Collette was now trembling violently and I took her arm so that if she should faint she would not fall either on my side or on that of her guardian, who seemed himself on the verge of keeling over. Castine was mumbling. Only his wife seemed to retain her defiance.

"The skill of the voodoo priests in the concoction of strange draughts from the native herbs of Hayti is well known," Kennedy began again. "There are among them fast and slow poisons, poisons that will kill almost instantly and others that are guaged in strength to accumulate and resemble wasting away and slow death.

"I know that in all such communities today no one will admit that there is such a thing still as the human sacrifice, 'the lamb without horns.' But there is on record a case where a servant was supposed to have died. The master ordered the burial, and it took place. But the grave was robbed. Later the victim was resuscitated and sacrificed.

"Most uncanny of the poisons is that which will cause the victim to pass into an unconscious condition so profound that it may easily be mistaken for death. It is almost cataleptic. Such is the case here. My respiration calorimeter shows that from that body there are still coming the products of respiration, that there is still heat in it. It must have been that peculiar poison of the voodoo priests that was used."

Racing on now, not giving any of us a chance even to think of the weird thing, except to shudder instinctively, Kennedy drew from his pocket and slapped down on a table the photographic records that had been taken by his home-made wireless recording apparatus.

"From Mr. Burke," he said, as he did so, "I received the hint that many messages were being transmitted by wireless, secretly perhaps, from the Haytien. I wanted to read those messages that were being flashed so quietly and secretly through the air. How could it be done? I managed to install down at the dock an apparatus known as the capillary electrometer. By the use of this almost unimaginably delicate instrument I was able to drag down literally out of the air the secrets that seemed so well hidden from all except those for whom they were intended. Listen."

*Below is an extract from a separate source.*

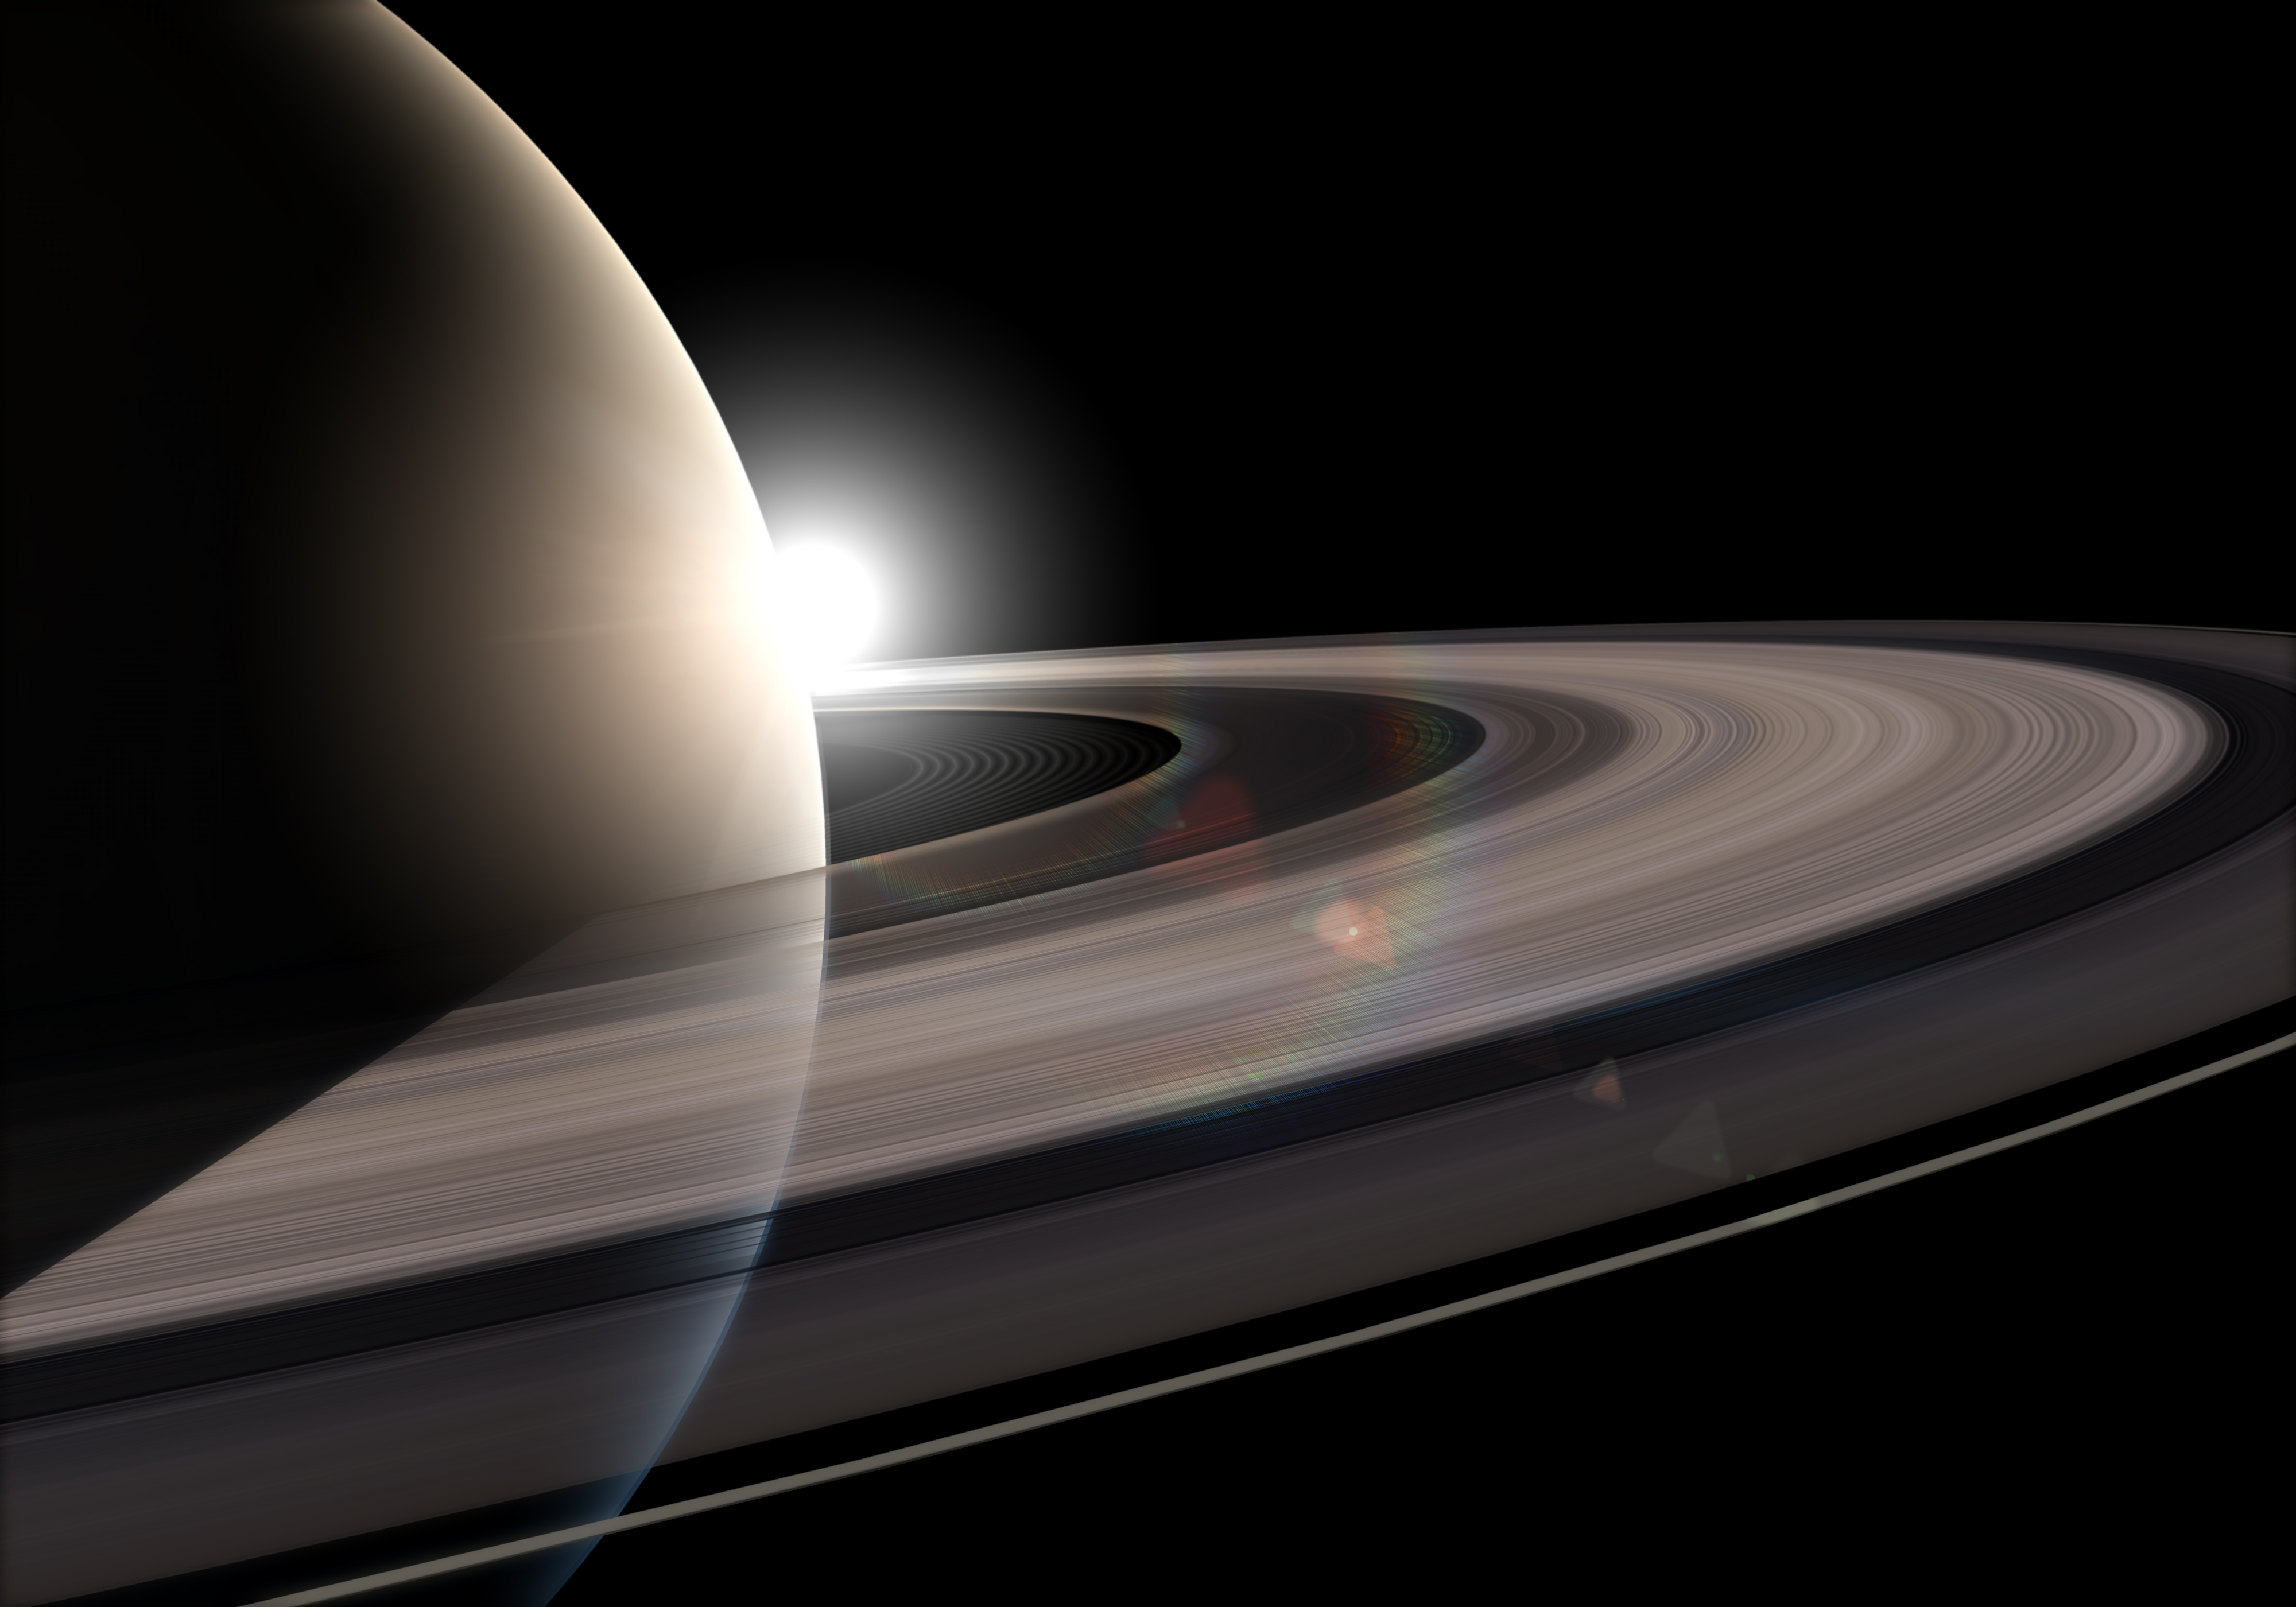 Artist S Impression Of Saturn Rings Esa Hubble

He took the roll of paper from the drum and ran his finger along it hastily, translating to himself the Morse code as he passed from one point to another.

"Here," cried Craig excitedly. "'Leon out of way for time safely. Revolution suppressed before Forsythe can make other arrangements. Conspiracy frustrated.' Just a moment. Here's another. 'Have engaged bridal suite at Hotel La Coste. Communicate with me there after tomorrow.'"

Still holding the wireless record, Kennedy swung about to Burke and myself. "Burke, stand over by the door," he shouted. "Walter--that tank of oxygen, please."

I dragged over the heavy tank which he had ordered as he adjusted a sort of pulmotor breathing apparatus over Leon. Then I dropped back to my place beside Collette, as the oxygen hissed out.

Castine was now on his knees, his aged arms outstretched.

"Before God, Mr. Kennedy--I didn't do it. I didn't give Leon the poison!"

Kennedy, however, engrossed in what he was doing, paid no attention to the appeal.

Suddenly I saw what might have been a faint tremor of an eyelid on the pallid body before us.

I felt Collette spring forward from my side.

"He lives! He lives!" she cried, falling on her knees before the still cataleptic form. "Guillaume!"

There was just a faint movement of the lips, as though as the man came back from another world he would have called, "Collette!"

"Seize that man--it is his name signed to the wireless messages!" shouted Kennedy, extending his accusing forefinger at Aux Cayes, who had plotted so devilishly to use his voodoo knowledge both to suppress the revolution and at the same time to win his beautiful ward for himself from her real lover.